NEWS
19/04/2024
Middle East Tensions Drive Risk-Off Moves
Oil prices jumped and then fell back as Israel launched a retaliatory attack on Iran. Geopolitics is unbelievably hard to price – oil had just fallen to where it was before the Apr 1st attack on the Iranian embassy in Damascus, with WTI futures (Jun) touching $81 yesterday before rallying to $85.60 overnight. Since then the Jun contract has pared gains to trade around $82.60, with Brent at $87.80 from a high at $91. WTI for May has a bit more of a premium at $83.34 and the curve showing quite a steep backwardation as a result of the immediate geopolitical premium.
Gold spiked north of $2,400 and then fell back.

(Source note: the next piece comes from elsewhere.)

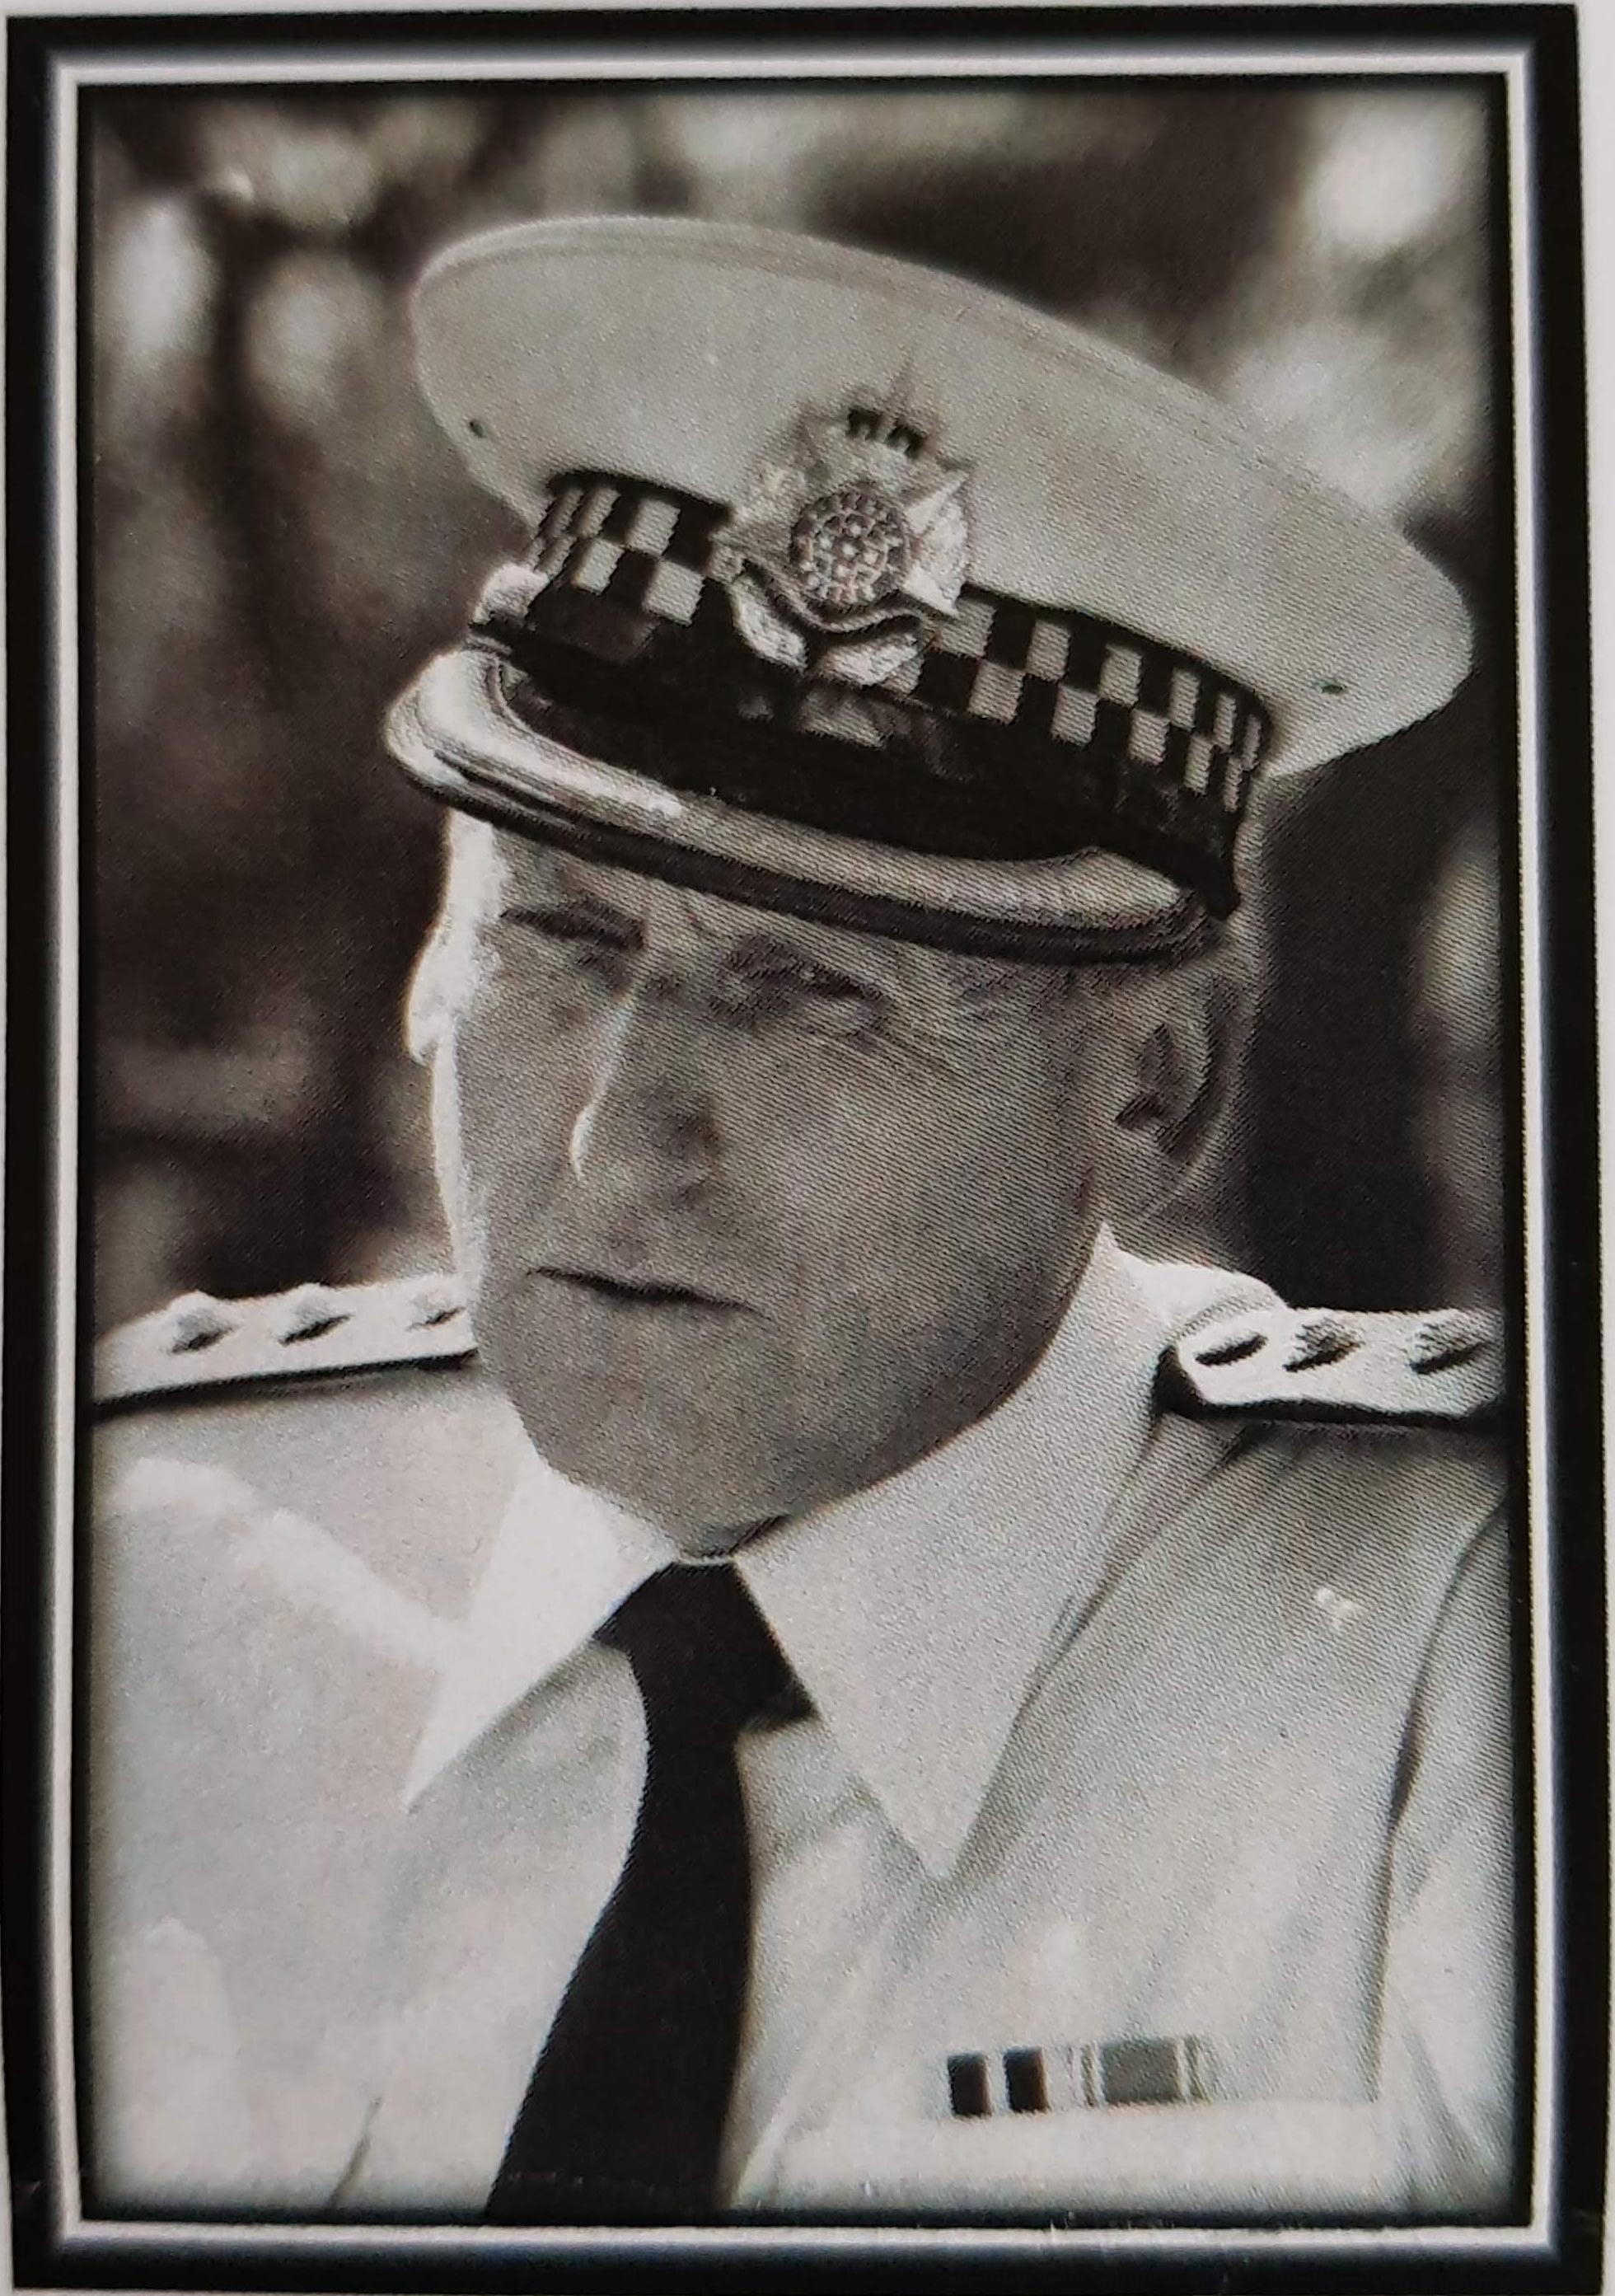 Bill Brand in uniform

Bitcoin bounced firmly off the $60k support to $65k…what’s driving these two assets? We look at Bitcoin and Gold in our latest episode of Overleveraged.
Gold – the red arrow marks the bottom the day before the October 7th attacks. A clear geopolitical risk premium has been driving the market, though a simple metric of M1 to gold above ground implies $2,400 is about average. The IAEA says no damage to Iran’s nuclear facilities … which is…good?? Reaction thus far is limited – what happens next is anyone’s guess.
Source: Finalto
Stock markets were more obviously risk off, with the FTSE 100 declining half a percent, the DAX down 1% after Asian markets were broadly lower. Wall Street was lower again, the S&P 500 closing down for a fifth straight day – its worst losing streak since October. Markets were already primed for de-risking on thoughts that the Fed is maybe not going to cut at all this year, so the Israeli strike is just noise for now. Wider escalation is the tail risk that is hard to price but a tighter Fed is cover for pulling in the horns.
FX seems to be likewise trading on geopolitical basis with haven currencies attracting some bid. GBP has been a RoRo for a while and took a hit with soft retail sales adding to woes. CFTC data shows it’s got the biggest net long position in the G10 so is particularly sensitive to global risk sentiment.
JPY caught strong bid but handed it back as data showed Japan’s CPI slowing from 2.8% to 2.7%, with core CPI down from 2.8% to 2.6%. Core inflation excluding fresh food and energy went below 3.0% for the first time since 2022.
JPY and CHF may be winners from geopolitical escalation but look beyond USD crosses as the dollar is looking rather solid with the Fed steady. NY Fed’s Williams reiterated that there is no rush to cut…the H4L message. If oil prices get to $100 then we can see the Fed completely giving up on cuts this year. Divergence is still the name of the game and the geopolitics is not going to alter that.